Postby ganghis » Fri Nov 04, 2011 11:31 am

Hi Simone,
Guess it's time I chimed in. I haven't followed the whole thread in detail, so pardon me if I didn't pick up on certain details of your analysis.

I'd suggest using the Conn & Cooch approach if you have a lot of 'unknown' state individuals. What's a lot? Well, my intuition says about 20% or so. Less than that, and the anticipated increase in precision is probably a lot smaller than the increase in headache that you'd get from having to learn new software or adapting existing MARK models to meet your needs (more on that later). There's nothing 'wrong' with censoring data here - the only parameter it biases in your case is detection probability, but who cares about that anyway?
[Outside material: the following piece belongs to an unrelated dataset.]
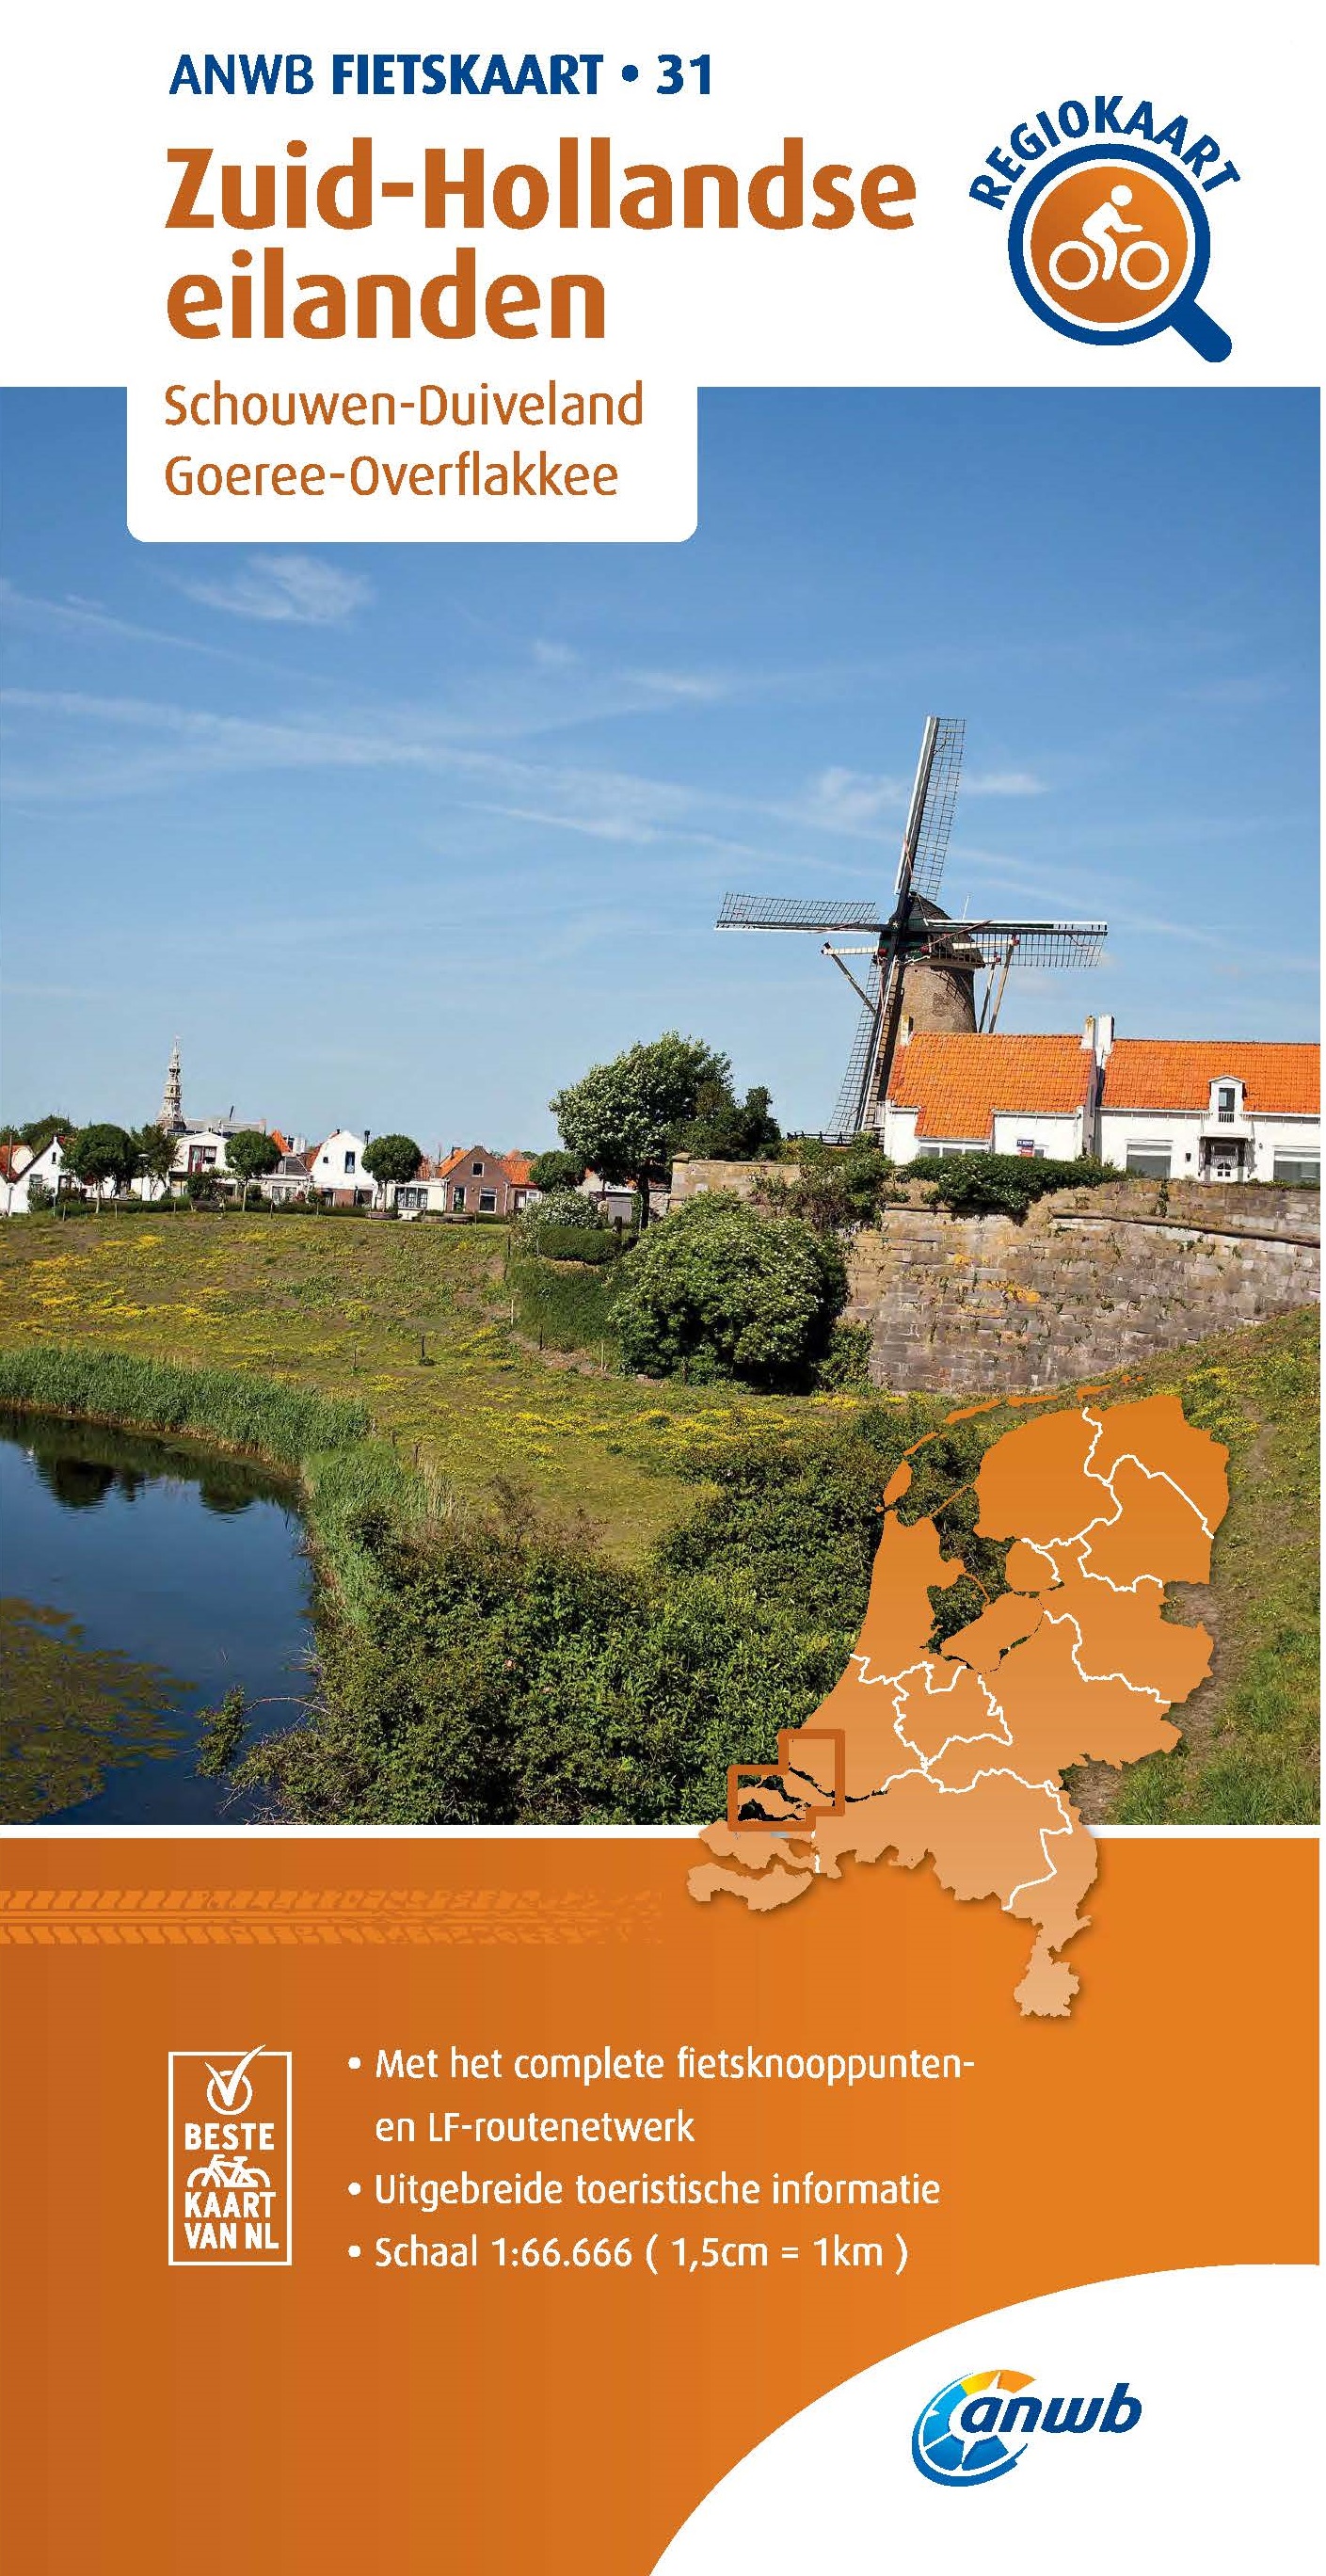 Online bestellen: Fietskaart 31 Regio Fietskaart Zuid-Hollandse eilanden | ANWB Media

I learned how to fit models in ESURGE on my own, through the help of it's documentation and through some helpful presentations posted on Remi (Choquet)'s website. There is also some more specific instructions in the online supplement to Conn & Cooch that will help you when you try to fit these partial observation models. That said, I have a fair amount of experience and intuition about these models; others may find a workshop useful.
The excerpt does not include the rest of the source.